Set up by the military to take care of war casualties, the 91st Evacuation Hospital was the first of its kind in Vietnam. Twenty units, each housed in a separate wooden hooch, holding about two hundred patients and fifty nurses. Colonel Skovoda cheerily explained that the army separated the units so that if the compound were hit, the entire hospital would not be destroyed. Sandbags lay everywhere, layered like rock walls around the sides of the hospital units. Half-buried bunkers surrounded the units and our living quarters. Because we had a helicopter unit, we were a target of the Viet Cong, who were focused on destroying the choppers.

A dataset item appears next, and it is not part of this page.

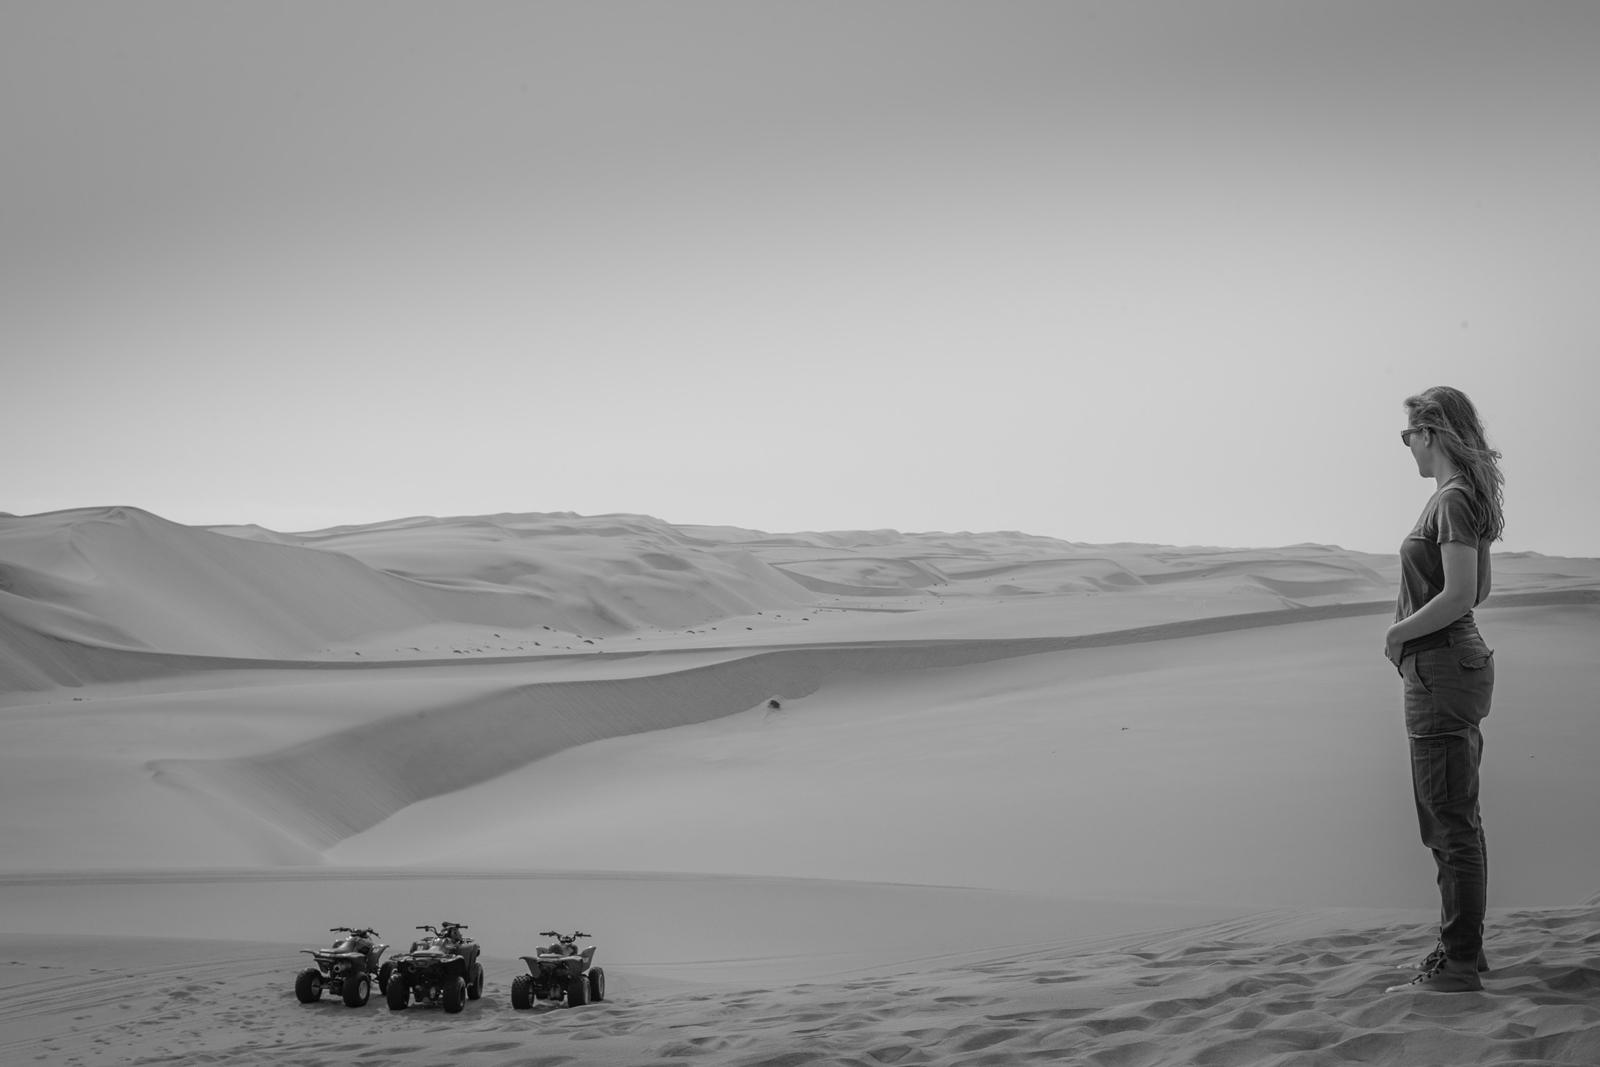 Quadbiking near Namibia's adventure capital, Swakopmund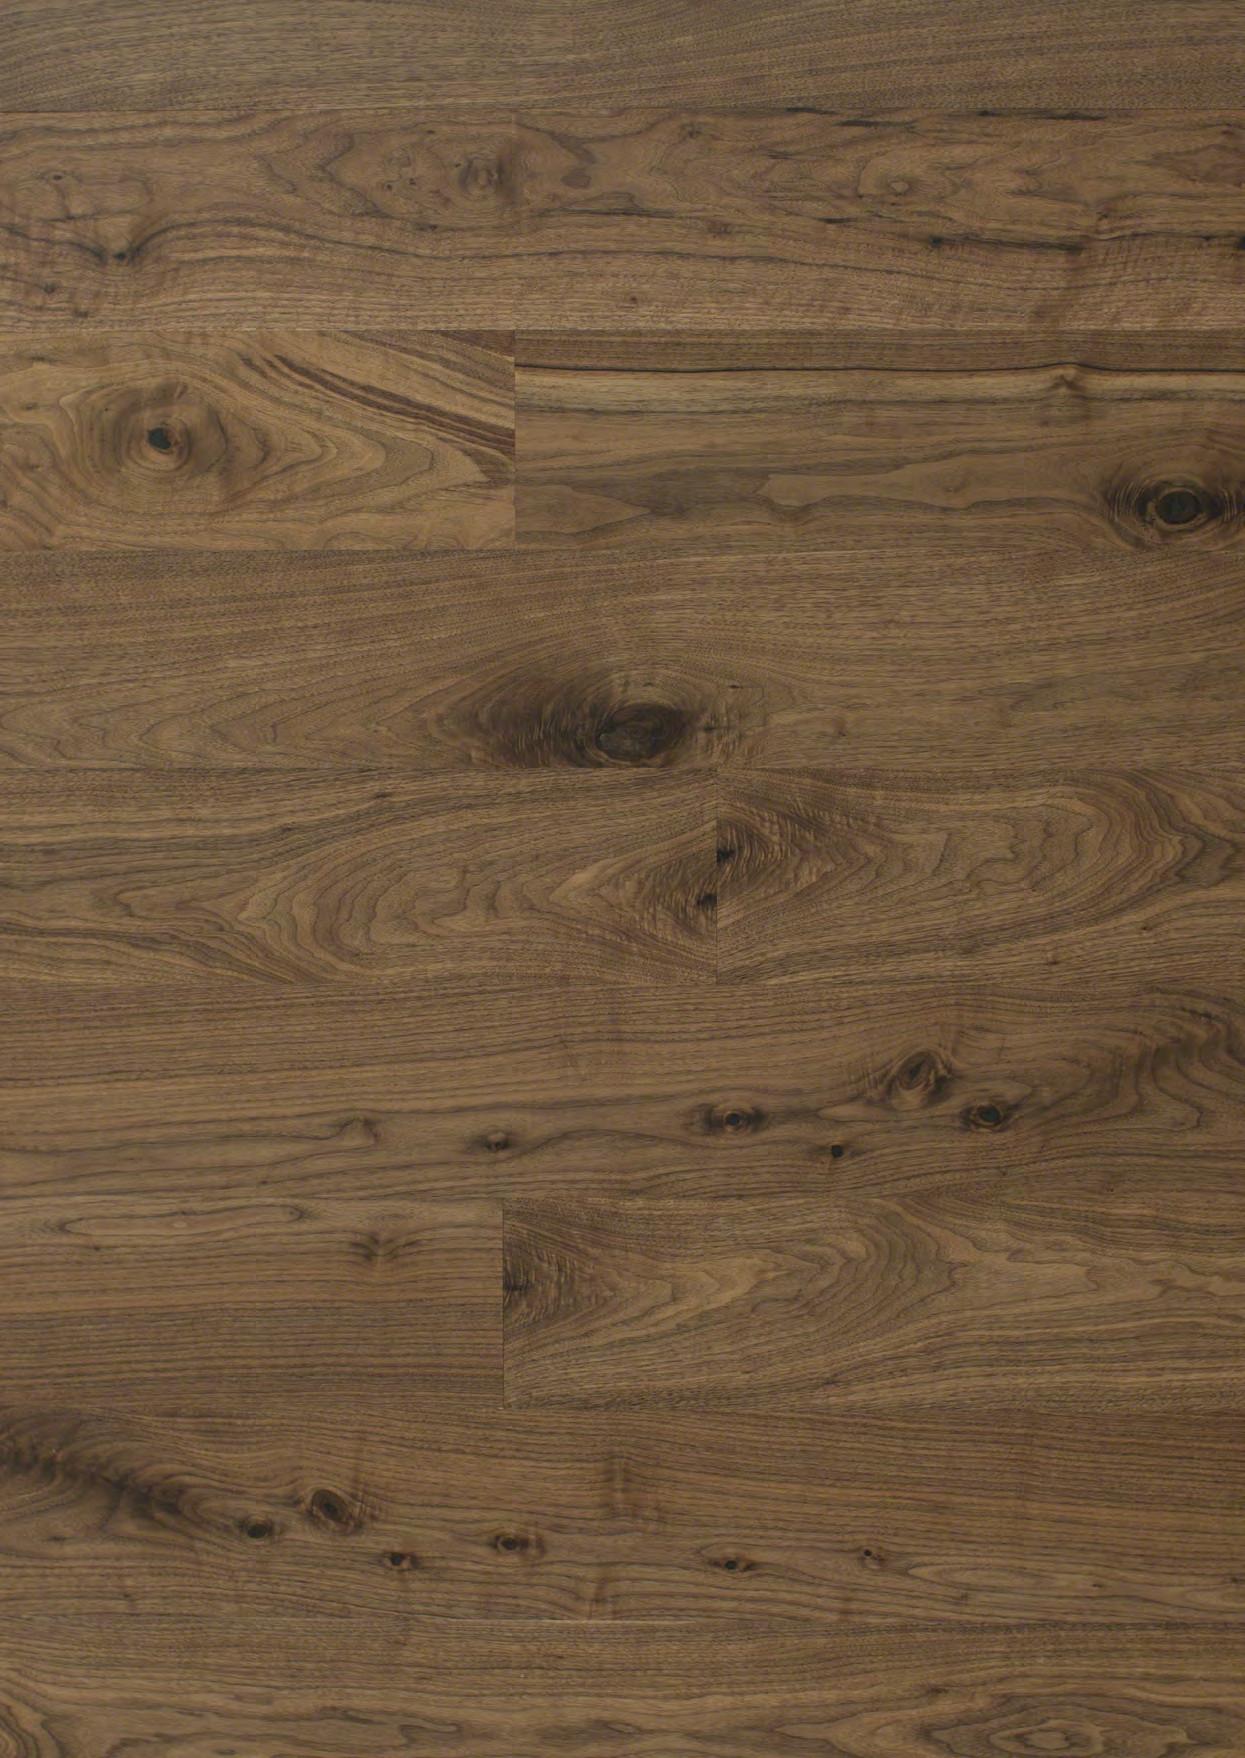 homerwood hardwood flooring prices of brooks bros for hardwood flooring 2016 17 price list pdf pertaining to tri layer walnut

She rushed us through the medical and surgical intensive care units, the emergency room, the operating and recovery rooms, and the graves registration unit. A cement sidewalk with a tin roof and a wooden railing connected all the units. A narrow unpaved road separated the hospital from our living quarters, which were built on the beach. Beyond our hooches lay only sand and blue ocean. About two hundred yards to the right of the officers’ quarters, separated by barbed wire and mines and guarded at night by soldiers in a lookout tower, stood a small Vietnamese village. About a mile or two away on the left was the beginning of the jungle.

The 91st was an all-purpose hospital. There was a unit for wounded ARVN (soldiers of the Army of the Republic of Vietnam) and ROK (Republic of Korea) patients. Of course, GIs were also sent to the 91st. If their wounds were minor, they would not be out of action for long.

The place was crawling with 173rd Airborne troops. They wore camouflage gear when visiting their wounded buddies. I never got used to being saluted, and these men never seemed to forget. They were young and serious, always snapping salutes and repeating their motto: “Airborne all the way, ma’am.” Sometimes they shortened the motto to just “Airborne, ma’am.” The spunkier ones smirked and saluted, saying, “All the way, ma’am,” clearly alluding to more than their undying loyalty to the 173rd. I just smiled and half-saluted back.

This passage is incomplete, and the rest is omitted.